To evaluate the immunogenicity 42 days after vaccination with the live attenuated herpes zoster vaccine.

To evaluate the safety of the live attenuated herpes zoster vaccine.

Detailed Description

Not available

Study Timeline

• Study First Submitted: 2025-04-23
• Status Verified: 2025-05
• Study Start: 2025-05
• Study First Submitted QC: 2025-05-06
• Last Update Submitted: 2025-05-06
• Study First Posted: 2025-05-08
• Last Update Posted: 2025-05-08
• Primary Completion: 2025-07
• Study Completion: 2025-12

Recruitment & Eligibility

• Status: NOT_YET_RECRUITING
• Sex: All
• Target Recruitment: 600

Inclusion Criteria

1. Age ≥40 years on enrollment day；
2. The informed consent of the subject can be obtained and signed；
3. The subjects themselves were able to complete the trial in accordance with the requirements of the clinical trial protocol；
4. Armpit body temperature ≤37.0℃ on the day of enrollment.

Exclusion Criteria

1. People who are immune deficient or immunosuppressed due to certain diseases or treatments. Causes of immunodeficiency or immunosuppression may include, but are not limited to, primary or acquired immunodeficiency conditions, such as AIDS or other diseases caused by viral infection; Leukemia, lymphoma, or other malignancies affecting the bone marrow or lymphatic system; Being treated for immunosuppression; Being treated with radiation/chemotherapy for a tumor；
2. Do not use in persons with a history of allergic reaction to any of the components contained in this product；
3. Those who are in the acute stage of acute infection and chronic infection should postpone the vaccination of this product；
4. Premenopausal women who tested positive for pregnancy, pregnant women, breastfeeding women, or those who planned to have a baby within 6 months；
5. If this product and other injectable live attenuated vaccines are not administered at the same time, the interval should be at least 28 days；
6. Treatment with whole blood, plasma, or immunoglobulin is given within 5 months or 3 weeks prior to vaccination；
7. Received another investigational drug within 1 month prior to receiving the investigational vaccine/placebo, or is participating in another clinical trial, or plans to use it during the study；
8. Taking or about to take salicylate drugs, including aspirin and difluorosalicylic acid；
9. Patients with abnormal blood pressure that cannot be controlled by medication (systolic blood pressure ≥160mmHg and/or diastolic blood pressure ≥100mmHg)；
10. Previous vaccinations against chickenpox or shingles (including use of registered products or participation in clinical trials of chickenpox or shingles vaccine)；
11. Any situation that the investigator considers likely to affect the evaluation of the trial。

Study & Design

• Study Type: INTERVENTIONAL
• Study Design: PARALLEL

Arm && Interventions

Group	Intervention	Description
Experimental vaccine：Herpes Zoster Vaccine, Live	Herpes Zoster Vaccine, Live	After reconstitution, 0.5 ml per bottle. The dose per person is 0.5 ml.
Identical to the test vaccine but without the varicella-zoster virus.	Placebo	After redissolving, 0.5 ml per bottle. The dose is 0.5 ml per dose for human and does not contain varicella-zoster live virus.

Primary Outcome Measures

Name	Time	Method
Immunogenicity:	Day 0 and Day 42	seroconversion/seroresponse rate (4-fold increase) at Day 0 and Day 42.

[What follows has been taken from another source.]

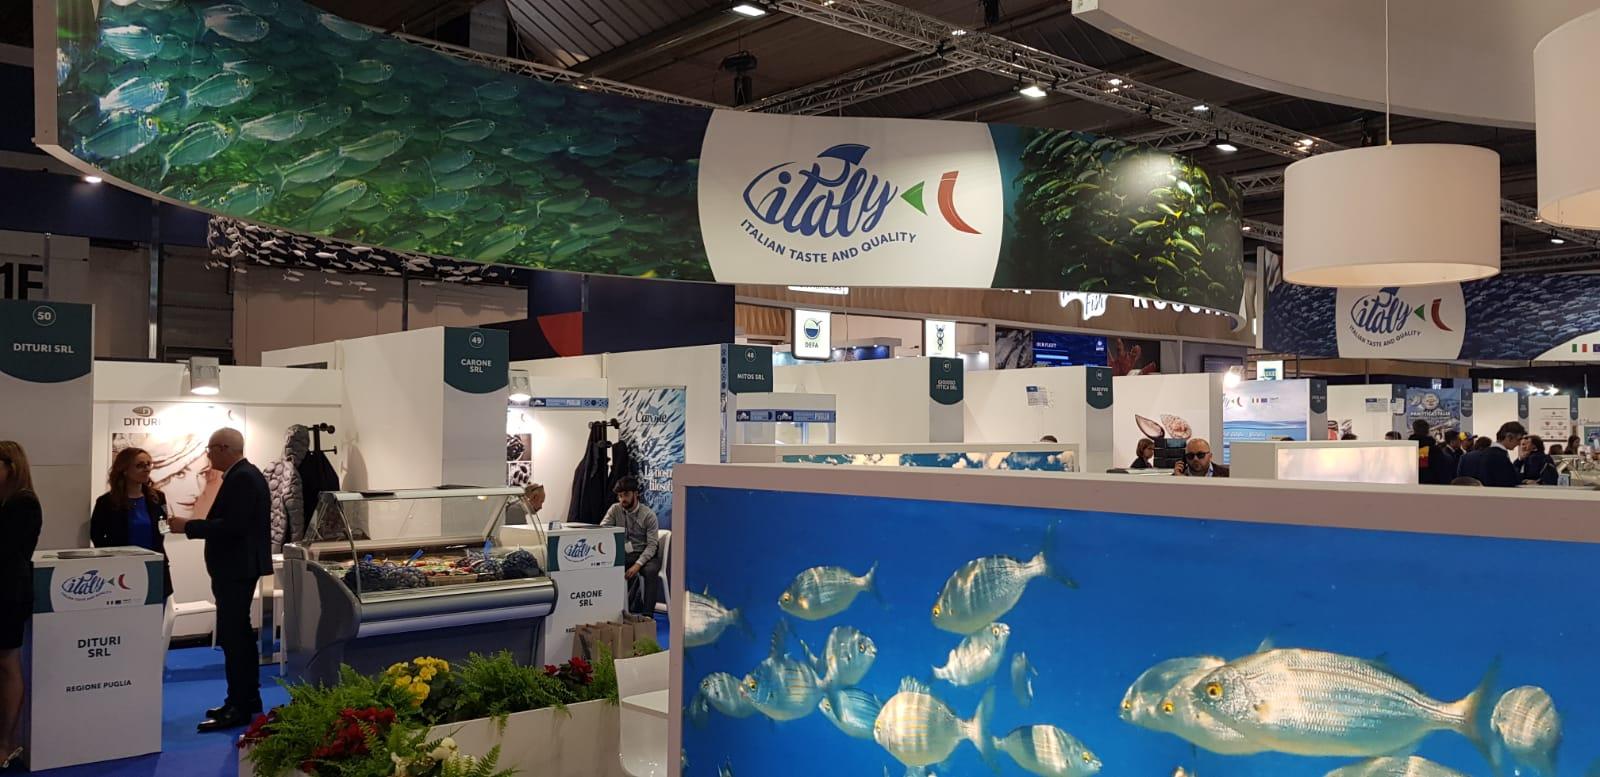 Calendario Fiere Alimentari 2020.Aquafarm 2020 Parte Da Bruxelles Pordenone Fiere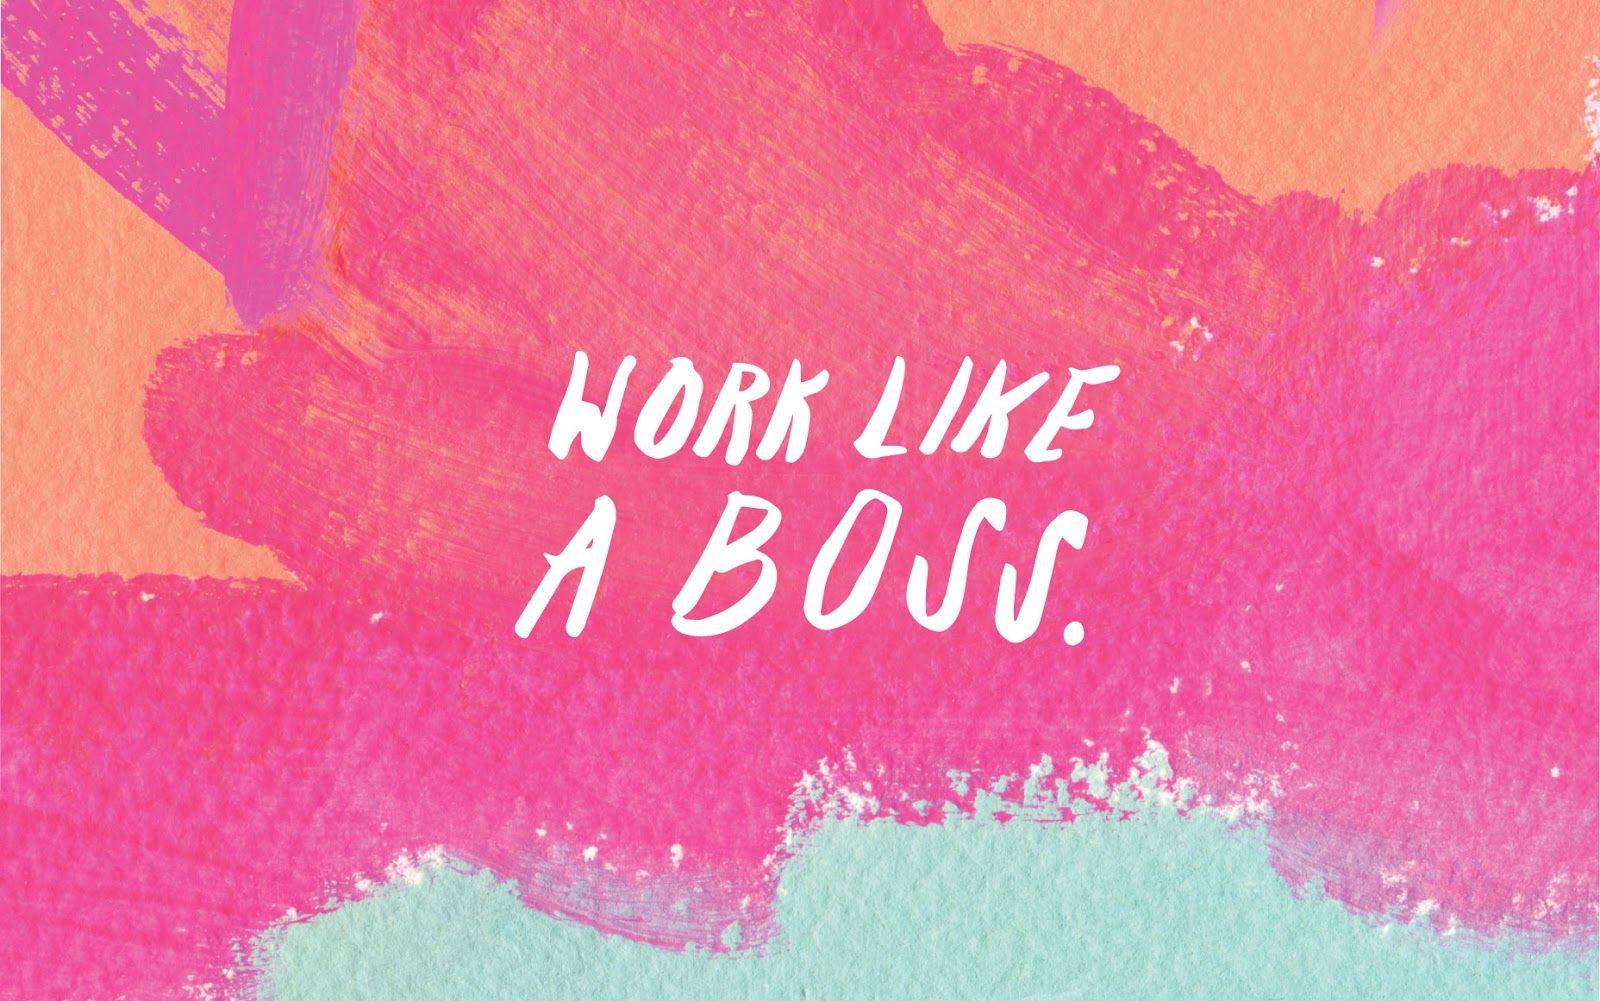 Beautiful Motivational Desktop Wallpapers Cute Tumblr Wallpaper Boss Wallpaper Laptop Wallpaper

Secondary Outcome Measures

Name	Time	Method
Adverse Events	42 days	1. Incidence, severity, and causality of solicited local，systemic adverse events within 14 days post-vaccination； 2. The incidence and severity of unsolicited adverse events within 42 days after vaccination and their association with vaccination； 3. Incidence of Serious Adverse events (SAE) within 42 days after vaccination。